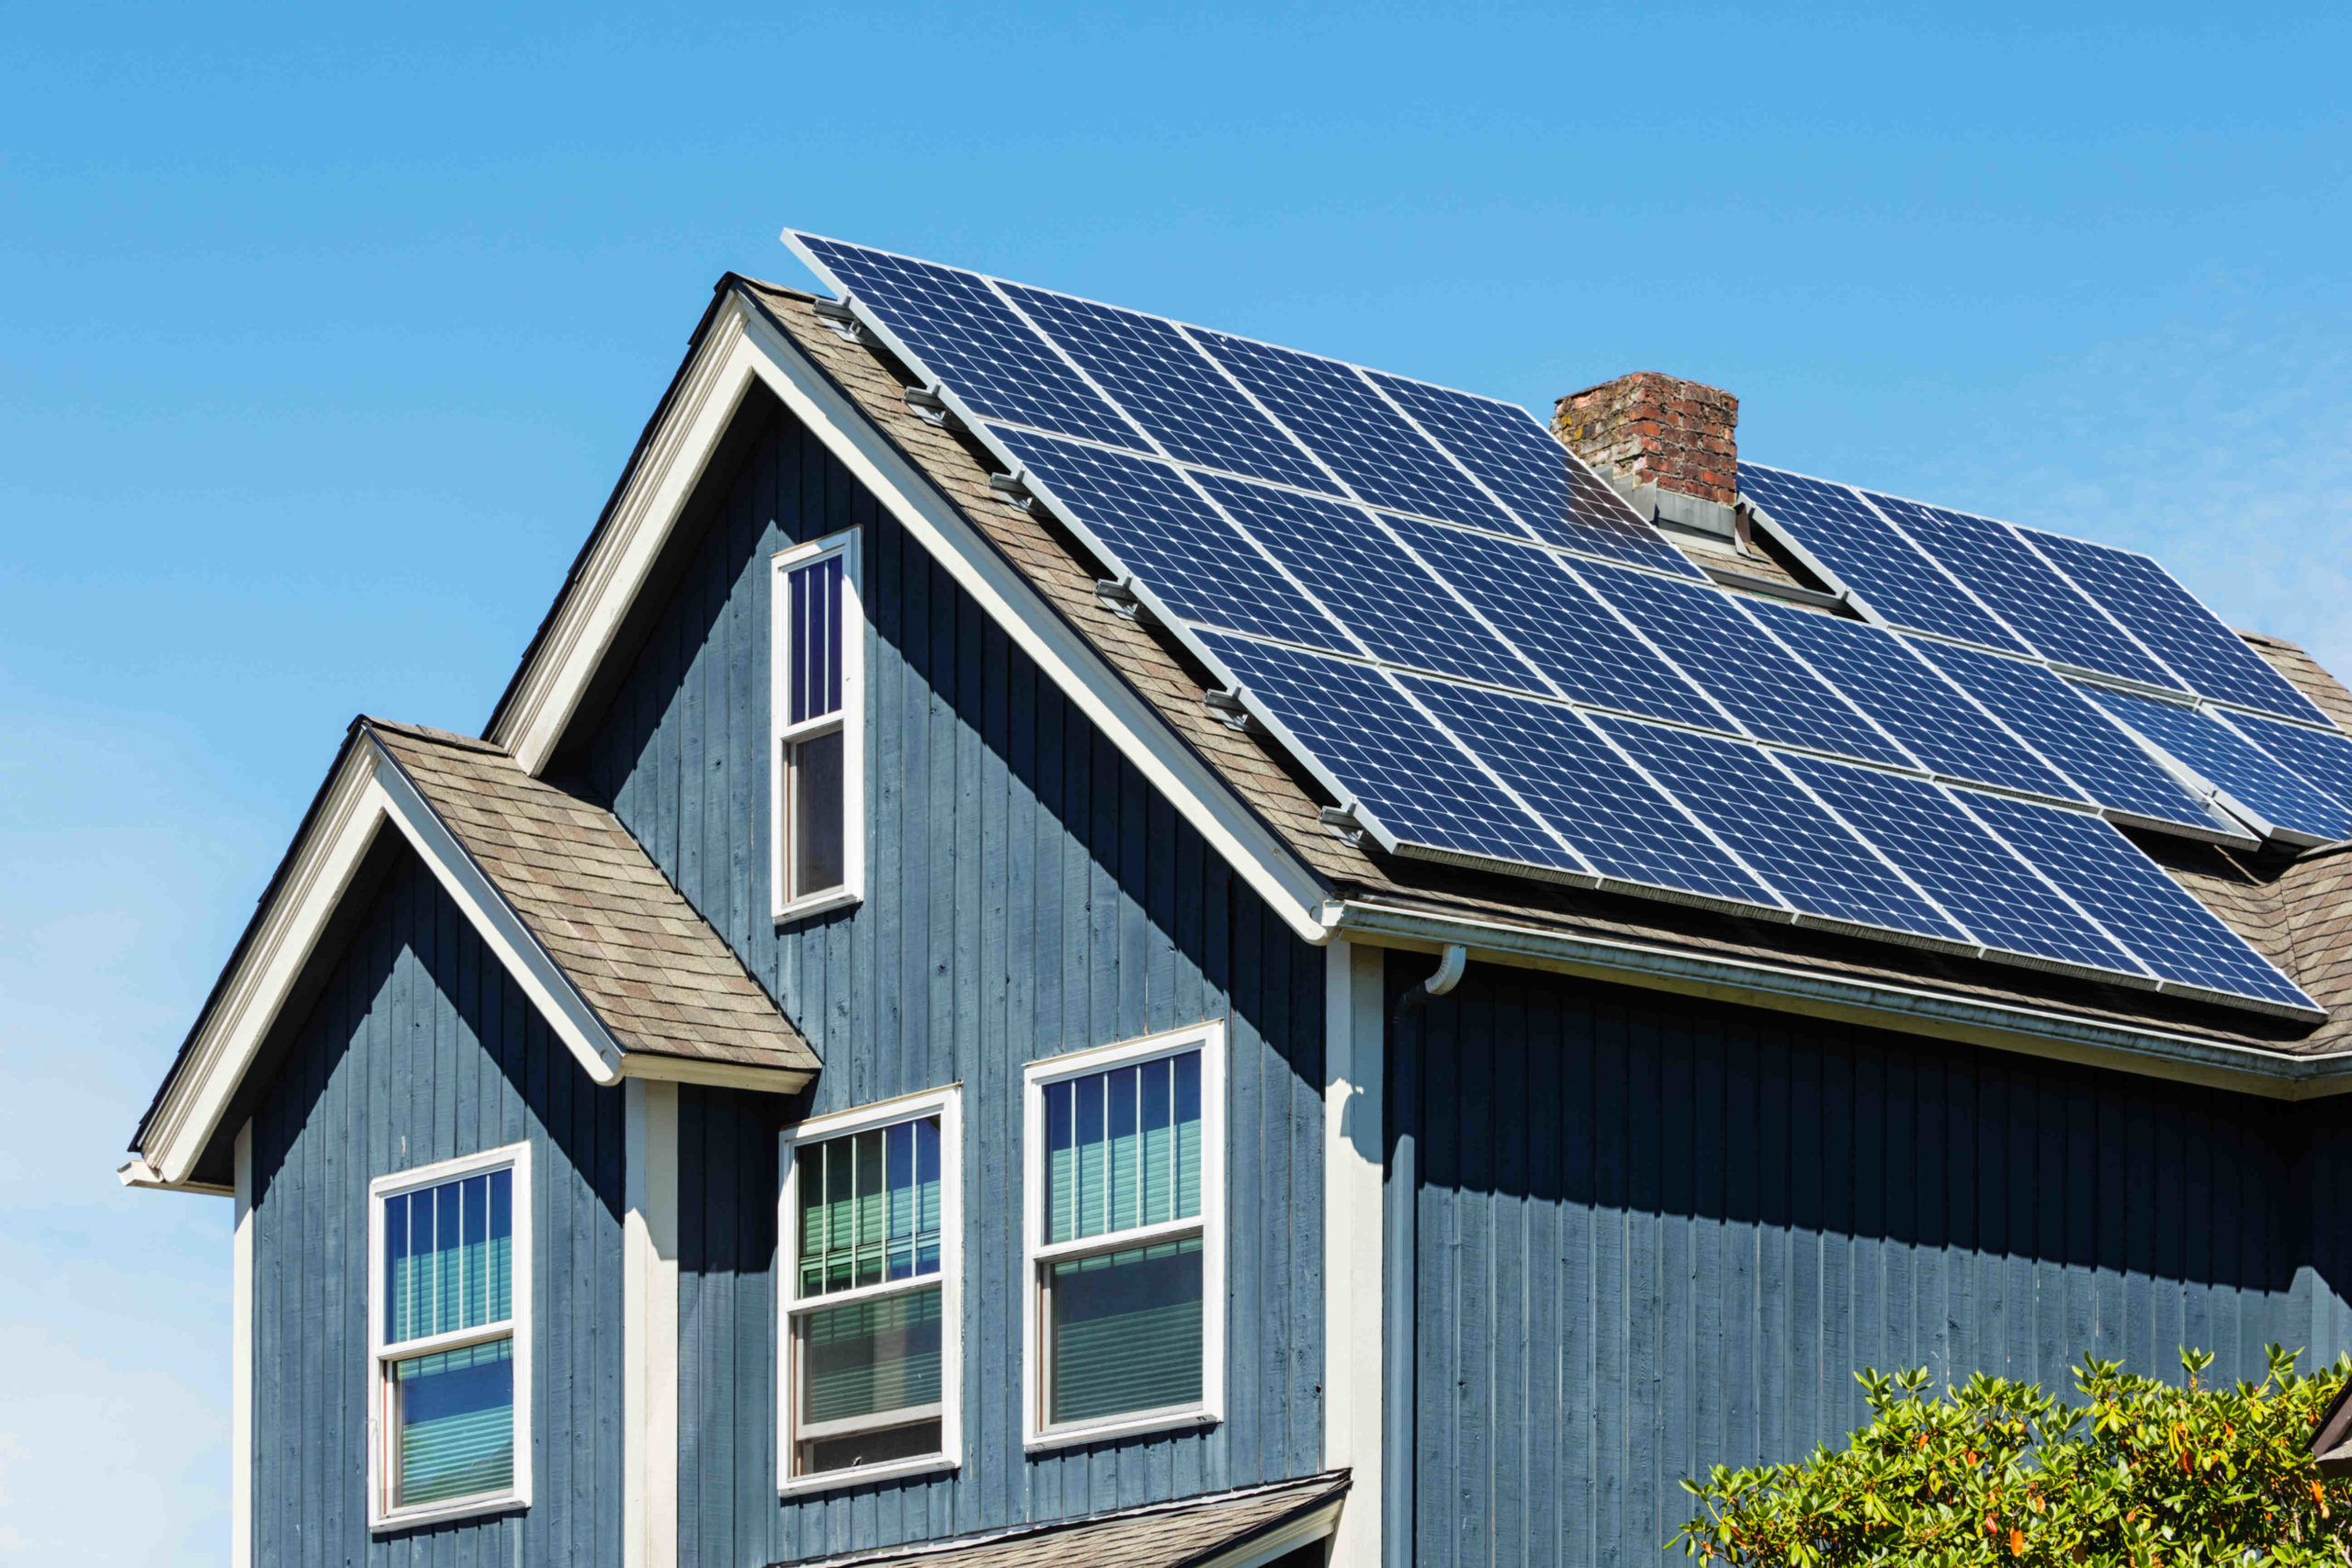 What is roof mounted PV system?
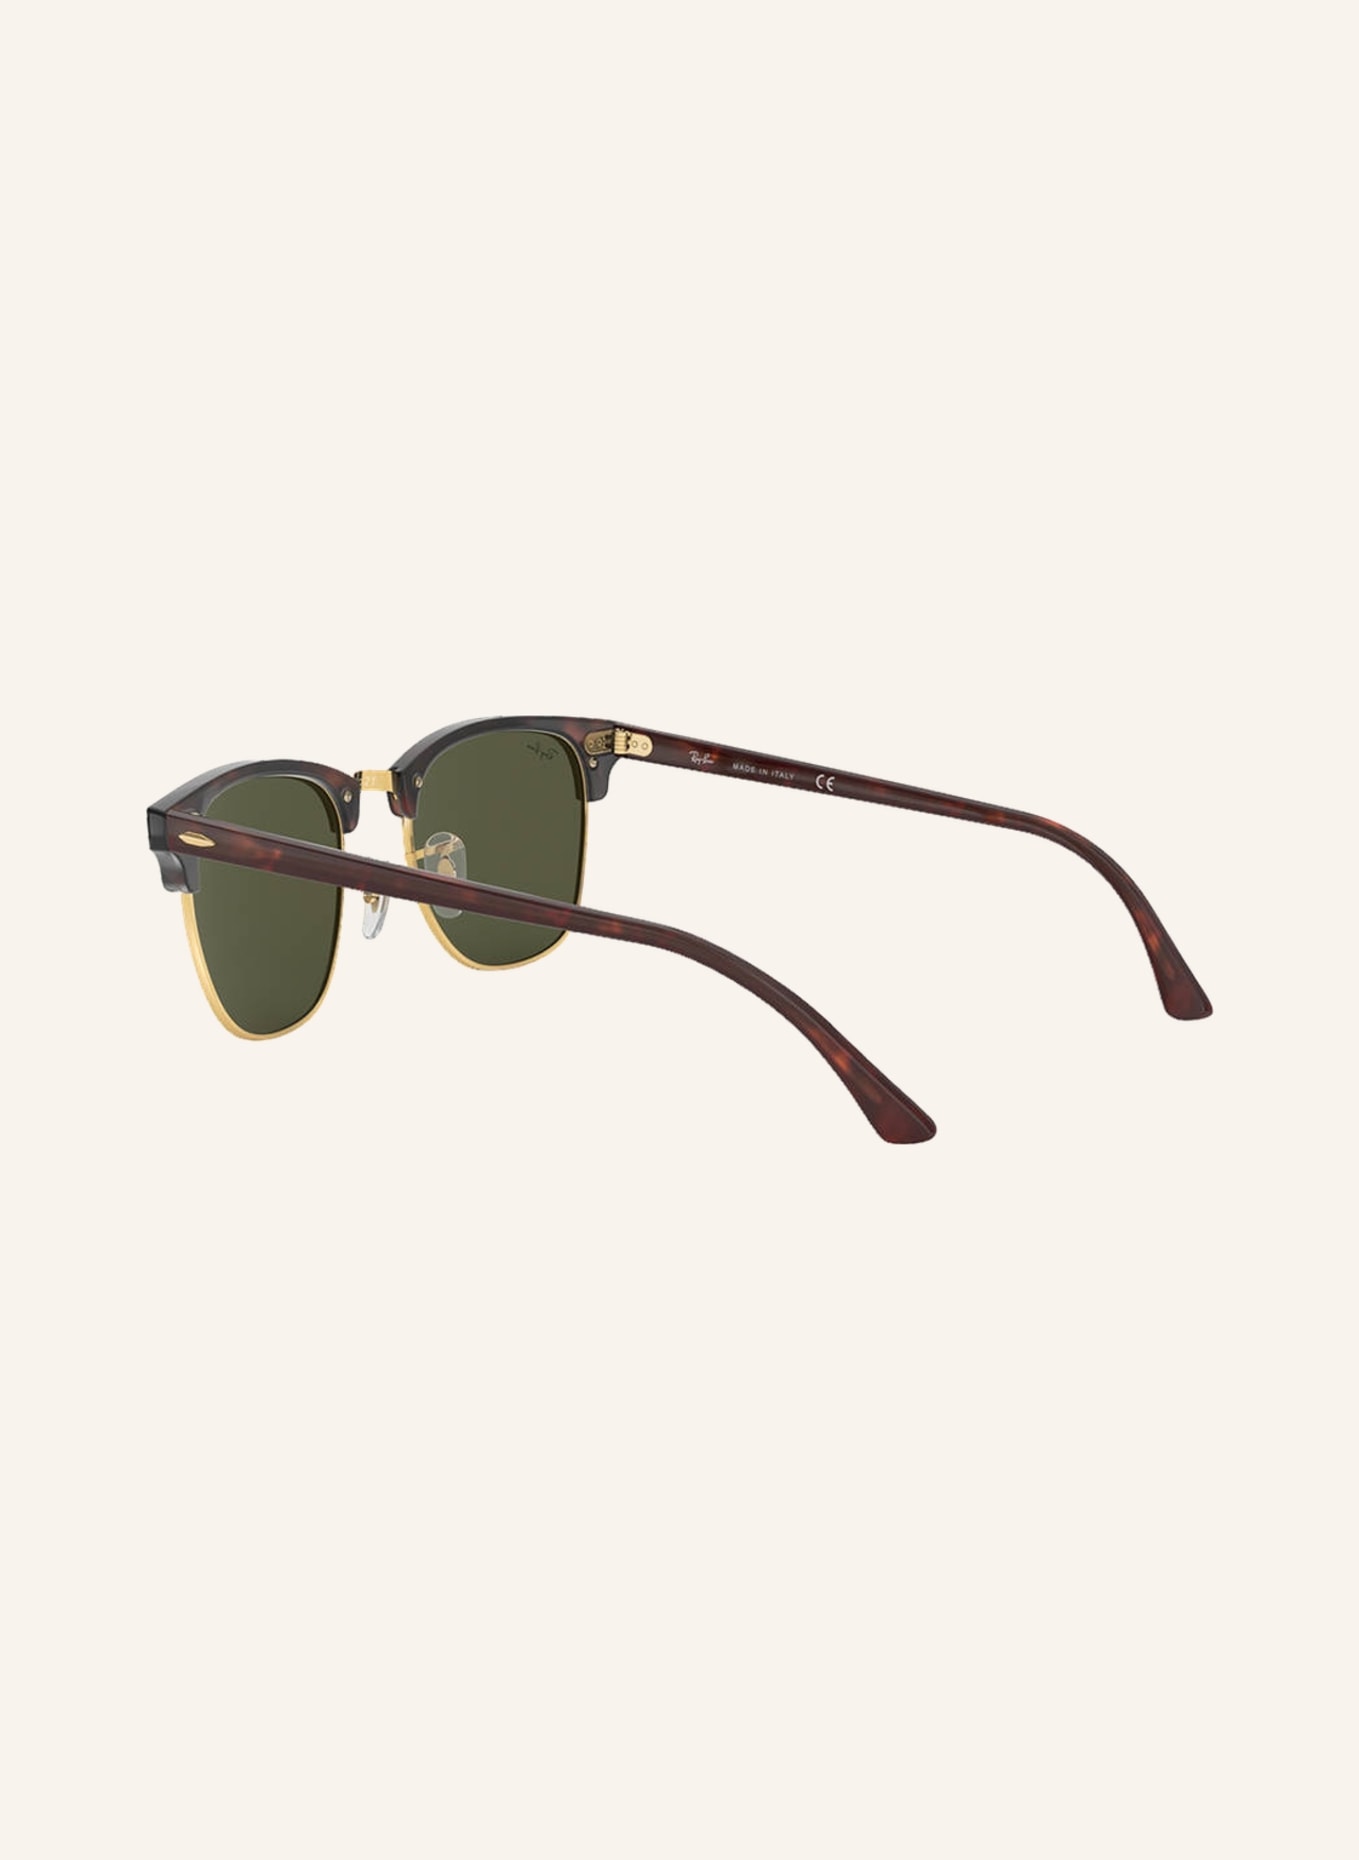 Ray-Ban Sunglasses RB3016 CLUBMASTER, Color: W0366 - HAVANA/GOLD/DARK GREEN (Image 4)
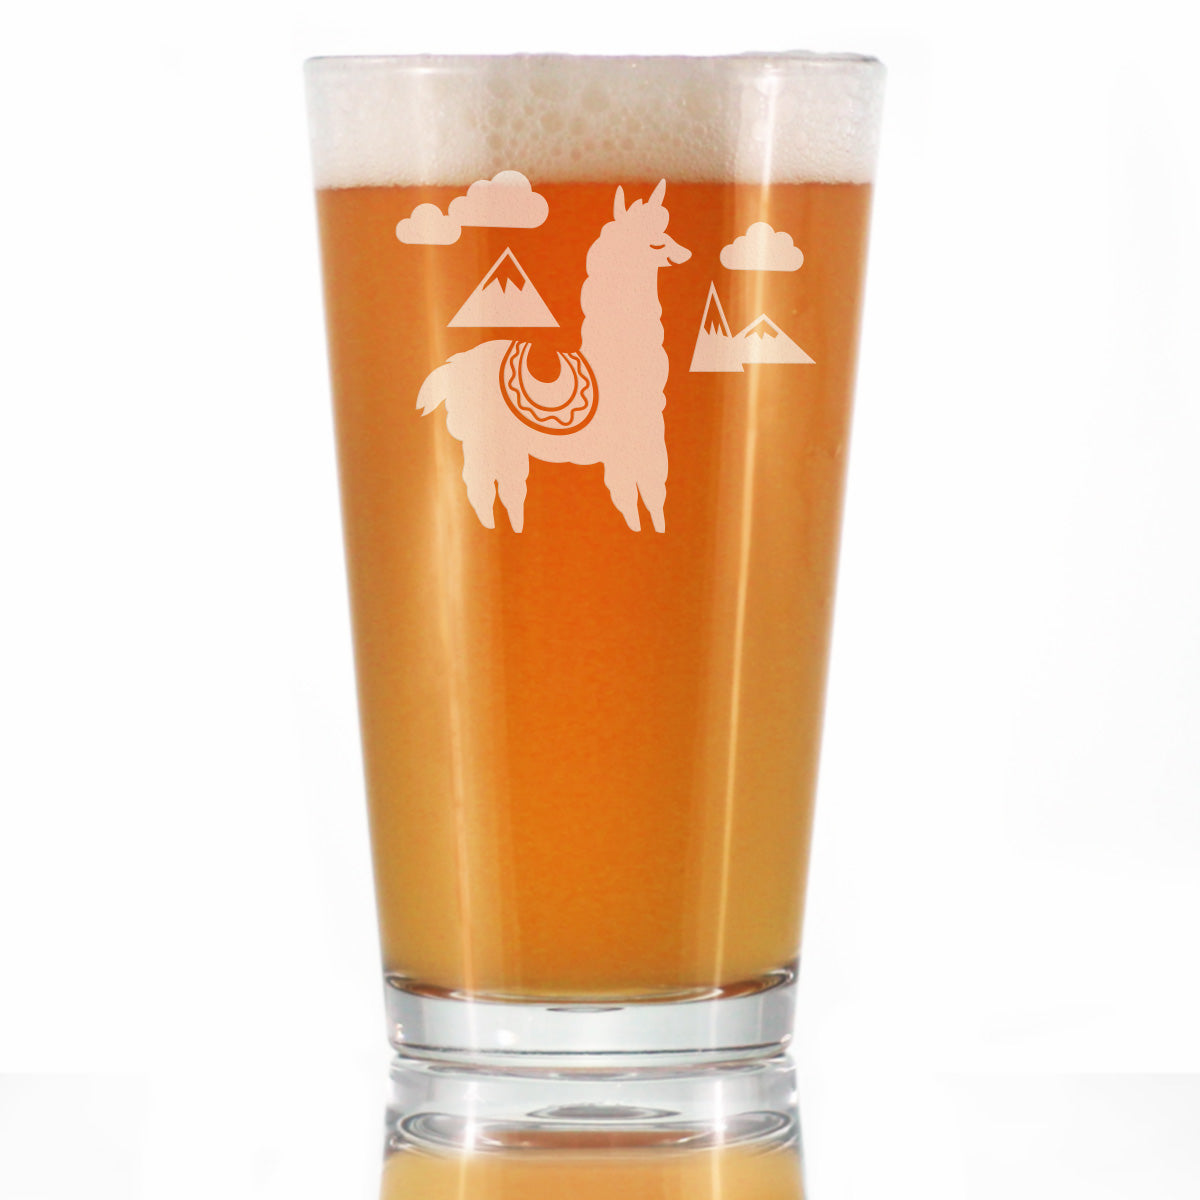 Alpaca Pint Glass for Beer - Unique Funny Farm Animal Themed Decor and Gifts for Alpaca Lovers - 16 oz

**ACTIVITY:**
When an image appears in the data, skip it and output the rest exactly.

**SOLUTION FOR THIS TASK:**
 What is roof mounted PV system?
 Ray-Ban Sunglasses RB3016 CLUBMASTER, Color: W0366 - HAVANA/GOLD/DARK GREEN (Image 4)
 Alpaca Pint Glass for Beer - Unique Funny Farm Animal Themed Decor and Gifts for Alpaca Lovers - 16 oz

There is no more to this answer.